Microbial activity in alpine soils under climate change.

Sci Total Environ 2021 Aug 10;783:147012. Epub 2021 Apr 10.

Department of Ecological and Biological Sciences, University of Tuscia, Largo dell'Università, 01100 Viterbo, Italy. Electronic address:

Soil enzymatic activity was assessed in the Stelvio Pass area (Italian Central Alps) aiming to define the possible effects of climate change on microbial functioning. Two sites at two different elevations were chosen, a subalpine (2239 m) and an alpine belt (2604-2624 m), with mean annual air temperature differing by almost 3 °C, coherent with the worst future warming scenario (RCP 8.5) by 2100. The lower altitude site may represent a proxy of the potential future situation at higher altitude after the upward shift of subalpine vegetation due to climate change. Additionally, hexagonal open top chambers (OTCs) were installed at the upper site, to passively increase by about 2 °C the summer inner temperature to simulate short term effects of warming before the vegetation shift takes place.
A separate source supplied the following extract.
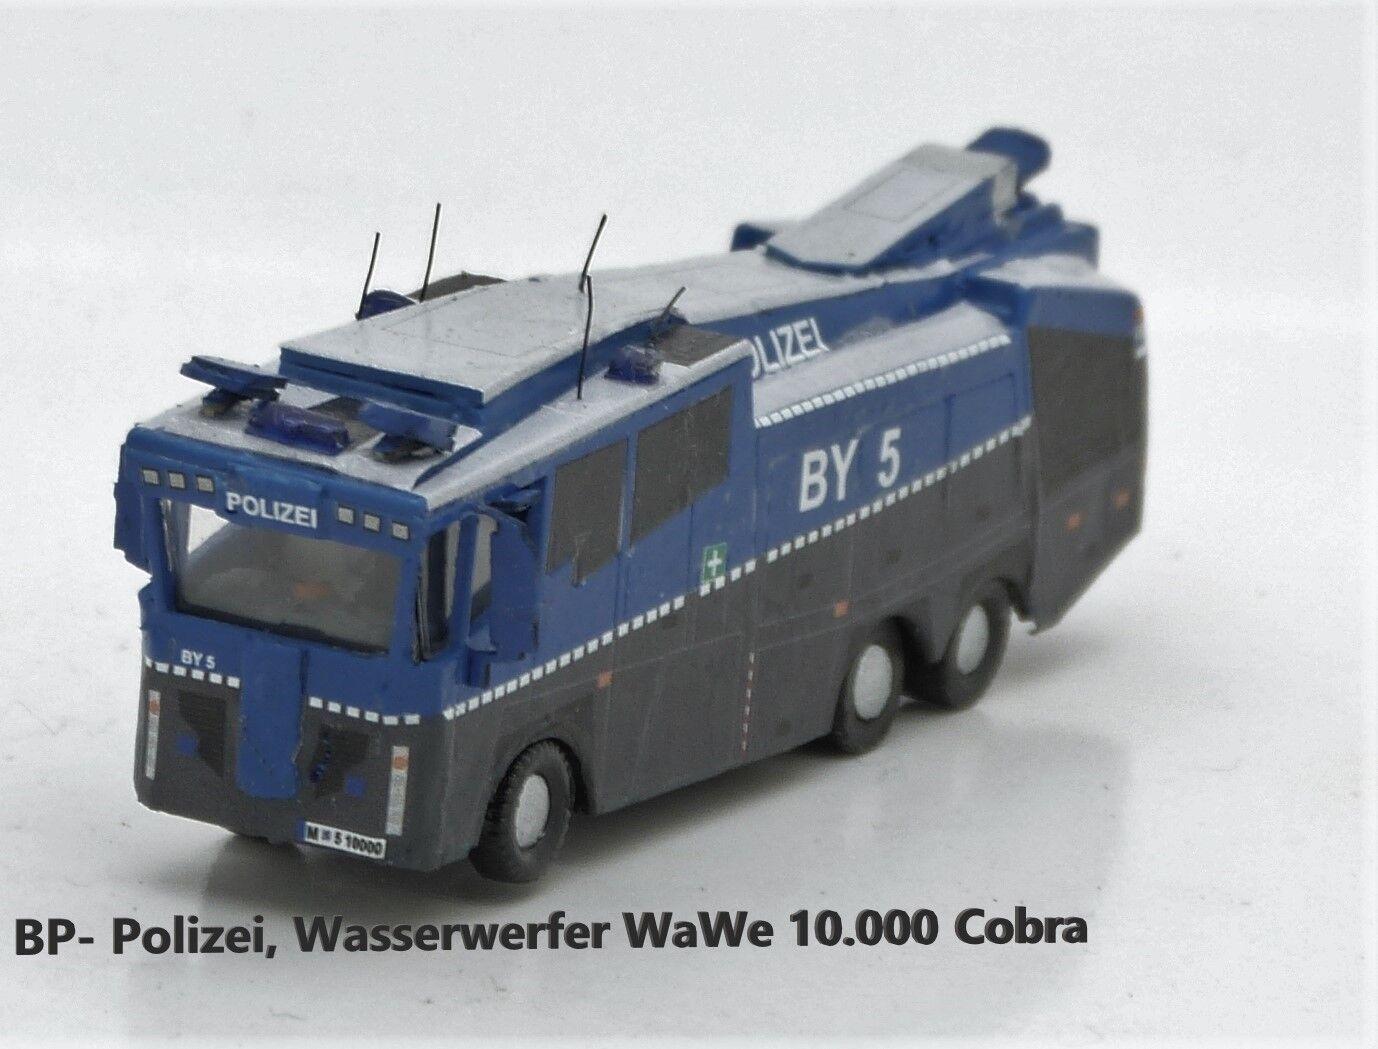 High Miniatures Track N 1 160 BP-Police, water cannon WAWE 10 Cobra

Soil physicochemical properties and the bacterial and fungal abundances of the above samples were also considered. The subalpine soils showed a higher microbial activity, especially for hydrolytic enzymes, higher carbon, ammonium and hydrogen (p < 0.001) contents, and a slightly higher PO content (p < 0.05) than alpine soils. Bacterial abundance was higher than fungal abundance, both for alpine and subalpine soils. On the other hand, the short term effect, which increased the mean soil temperature during the peak of the growing season in the OTC, showed to induce scarcely significant differences for edaphic parameters and microbial biomass content among the warmed and control plots. Using the manipulative warming experiments, we demonstrated that warming is able to change the enzyme activity starting from colder and higher altitude sites, known to be more vulnerable to the rising temperatures associated with climate change. Although five-years of experimental warming does not allow us to make bold conclusions, it appeared that warming-induced upwards vegetation shift might induce more substantial changes in enzymatic activities than the short-term effects, in the present vegetation context.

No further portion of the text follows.